As a next step, we evaluated the model’s predictions at the TMA spot level. To this end, we generated pixel-level probability maps for each class by applying the trained neural network in a sliding window fashion (Fig. 3, for details see Methods). These pixel-level maps enable visual comparison with human annotations and can be easily evaluated by pathology experts. For instance, the TMA spot in Fig. 3a was a clear Gleason 6 (3 + 3) case according to both pathologists and model annotations. We also observed that the model annotated the upper region of this TMA spot as benign, in accordance with the pathologists, except for a small part that was annotated as Gleason pattern 3. Interestingly, retrospective assessment of this part by the pathologists confirmed the presence of a small focus of atypical glands. The TMA spot in Fig. 3b was annotated as Gleason 8 (4 + 4) by the two pathologists and the model. Here we observed some annotation errors made by the model in regions close to tissue borders, often affected by tissue preparation artefacts. Such small mis-labeled regions do not influence the final Gleason score assignment for entire TMAs, as we only take into account detected patterns that exceed a predefined threshold (details in Methods). As a further example, the TMA spot presented in Fig. 3c was annotated as Gleason 8 (4 + 4) by the first pathologist and as Gleason 6 (3 + 3) by the second. The model annotations split the TMA spot image into distinct Gleason pattern 3 and Gleason pattern 4 regions, resulting in a Gleason score 7 (4 + 3) final assignment. A third uropathologist (N.R.) indepentently evaluated this case and his opinion coincided with the model’s annotations, assigning Gleason pattern 4 to the lower and right-most part of the TMA spot and Gleason pattern 3 to the upper and left-most part. Similarly for the TMA spot presented in Fig. 3d, which was annotated as Gleason 8 (4 + 4) by the first pathologist and as Gleason 10 (5 + 5) by the second. The model annotations split the TMA spot image into distinct Gleason pattern 4 and Gleason pattern 5 regions, resulting in a Gleason score 9 (5 + 4) final assignment. According to the third pathologist’s judgement, this TMA spot contained diffuse single cells which could be interpreted as Gleason pattern 5, but overall he assigned a Gleason pattern 4. The region that the algorithm strongly marked as Gleason pattern 5 contained artifacts because of tissue destruction at the right-most edge.

Figure 3
figure 3

Representative examples of model predictions as pixel-level probability maps and visual comparison with pathologist annotations. Each subfigure (ad) corresponds to a different TMA spot. Within each subfigure (a–d), the subplots in the right-most column show the Gleason patterns assigned by the two pathologists (blue: Gleason 3 region, yellow: Gleason 4 region, red: Gleason 5 region). The other four subplots show the model’s Gleason annotations. (a) The annotation of the model agrees overall with the two pathologists, except for a small tissue region in the upper part which is marked as Gleason pattern 3 exclusively by the model. Retrospective assessment of this part by the pathologists confirmed the presence of a small focus of atypical glands. (b) The model and pathologist annotations agree on Gleason pattern 4. (c) Disagreement in annotations (Gleason pattern 3 versus 4) by the model and the two pathologists. A third uropathologist indepentently evaluated this case and his opinion coincided with the model’s annotations. (d) Disagreement in annotations (Gleason pattern 4 versus 5) by the model and the two pathologists.
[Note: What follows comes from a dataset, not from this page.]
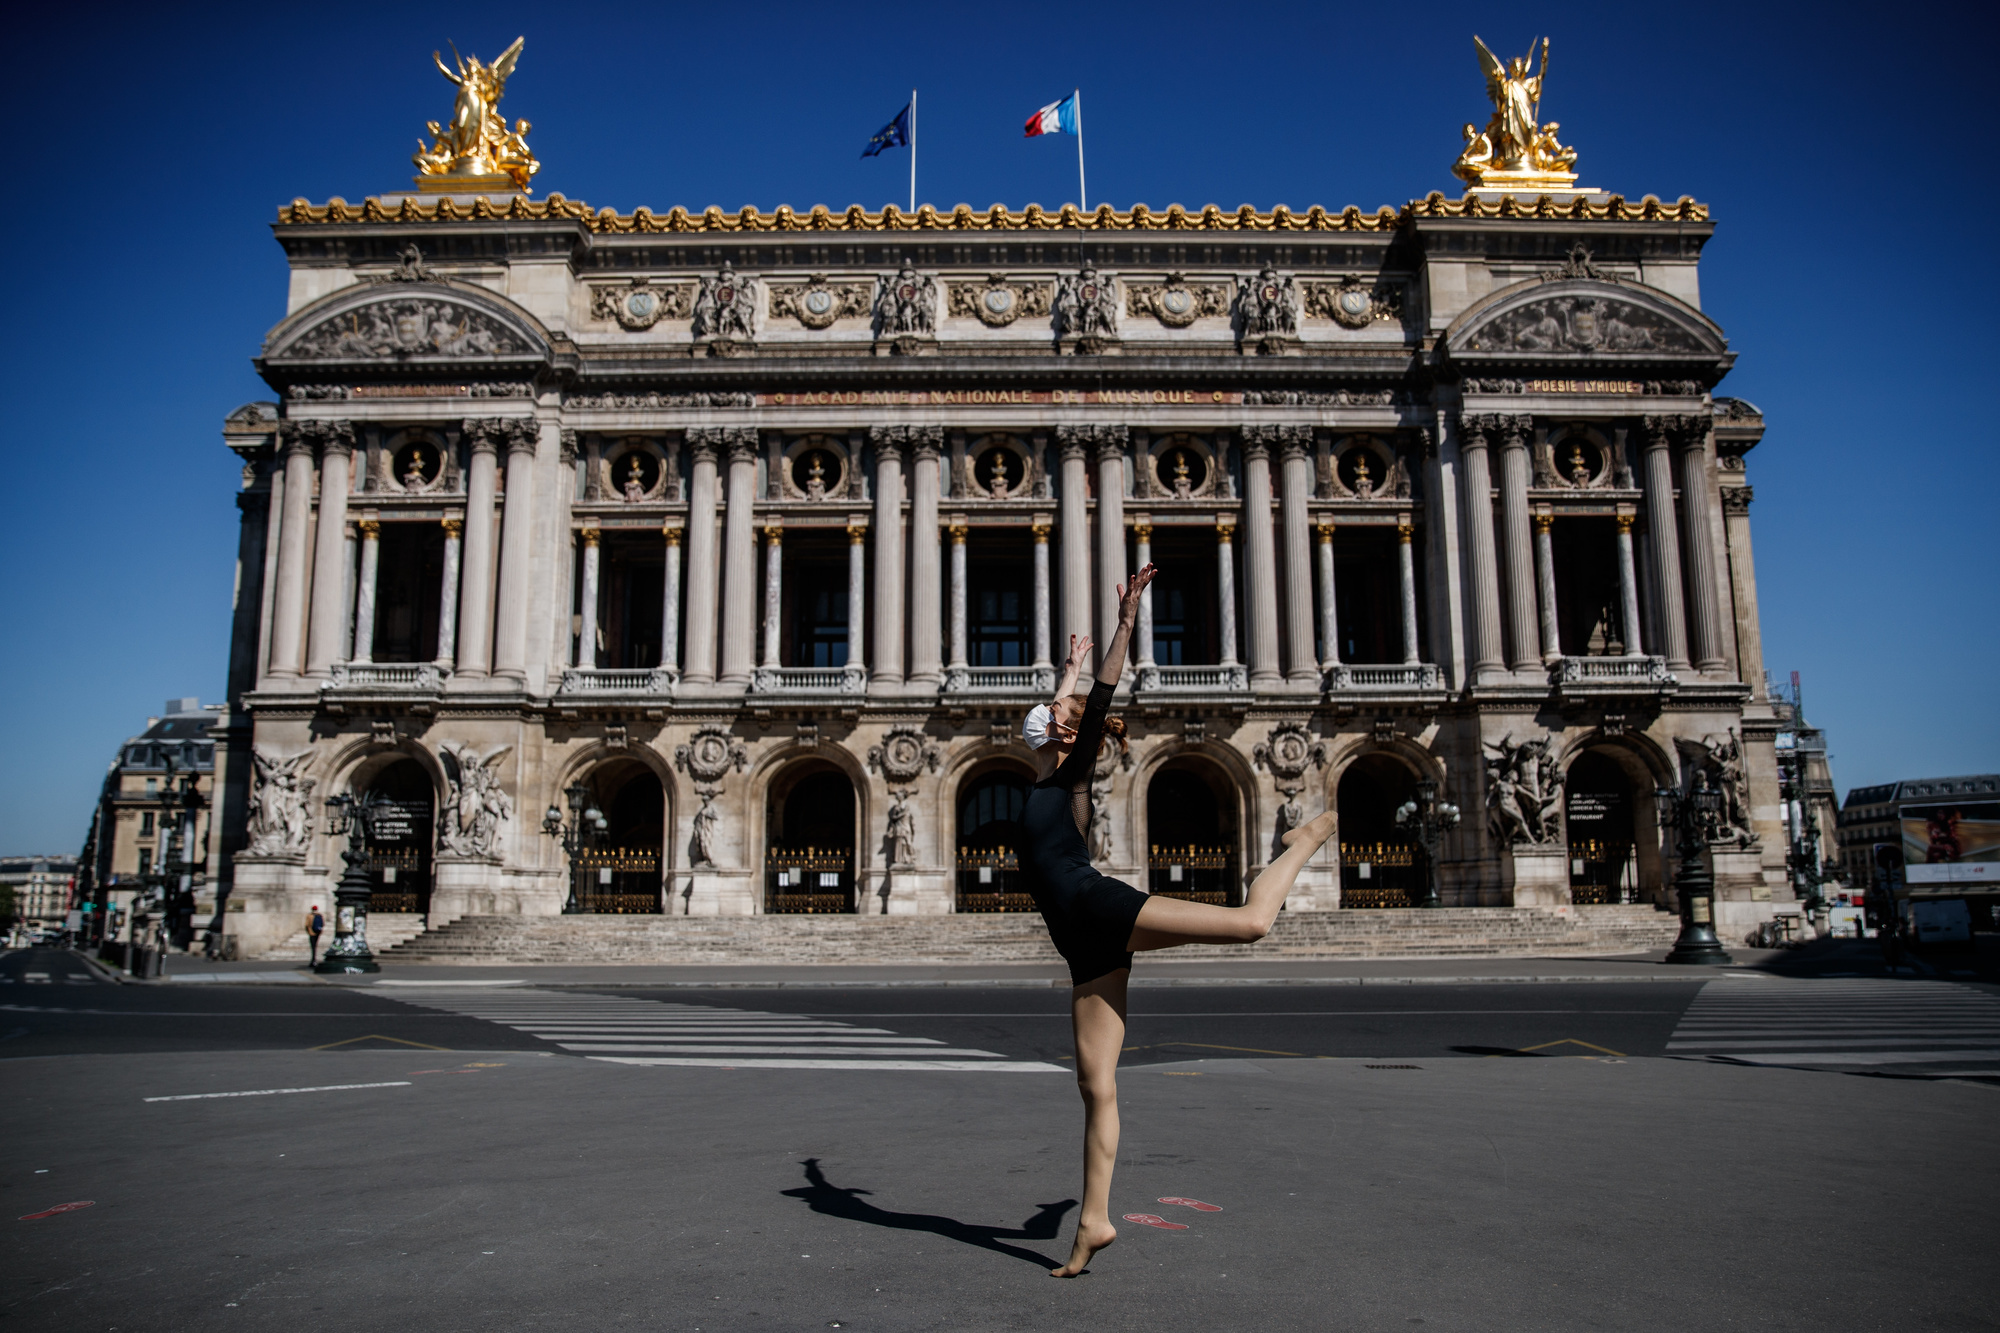 Yara al-Hasbani devant l'Opéra Garnier de Paris, belga

A third uropathologist indepentently evaluated this case and assigned a Gleason pattern 4, noting however the presence of diffuse single cells which could be interpreted as Gleason pattern 5.

Having focused here on cases most illustrative of the inter-pathologist variability in Gleason score assignments, we also note that there are several examples where the two pathologists and the model agree on their respective Gleason score assignments, as well as a few examples where the model incorrectly annotated stromal tissue as Gleason pattern 3. Pixel-level probability maps for all TMA spots in our test cohort are provided as Supplementary Data.

Summarizing the pixel-level Gleason annotation maps produced by either the pathologists or the model (detailed description in Methods), a Gleason score in the range 6–10 was assigned to each TMA spot, as the sum of the two most predominant Gleason patterns. If no cancer was detected, the TMA spot was classified as benign. For this task, the inter-annotator agreement between the model and each pathologist reached kappa = 0.75 for the first pathologist and kappa = 0.71 for the second (Fig. 4). These values are at the same level as inter-pathologist agreement (kappa = 0.71).

Figure 4
figure 4

Model evaluation on test cohort (TMA spot level) and inter-pathologist variability. Each TMA spot is annotated with detected Gleason patterns (Gleason 3, 4 or 5) by the model and two pathologists. Then, a final Gleason score is assigned as the sum of the two most predominant Gleason patterns. If no cancer is detected, the TMA spot is classified as benign. We show confusion matrices for the comparison of Gleason score assignments by (a) the model and the first pathologist, (b) the model and the second pathologist, (c) the two pathologists.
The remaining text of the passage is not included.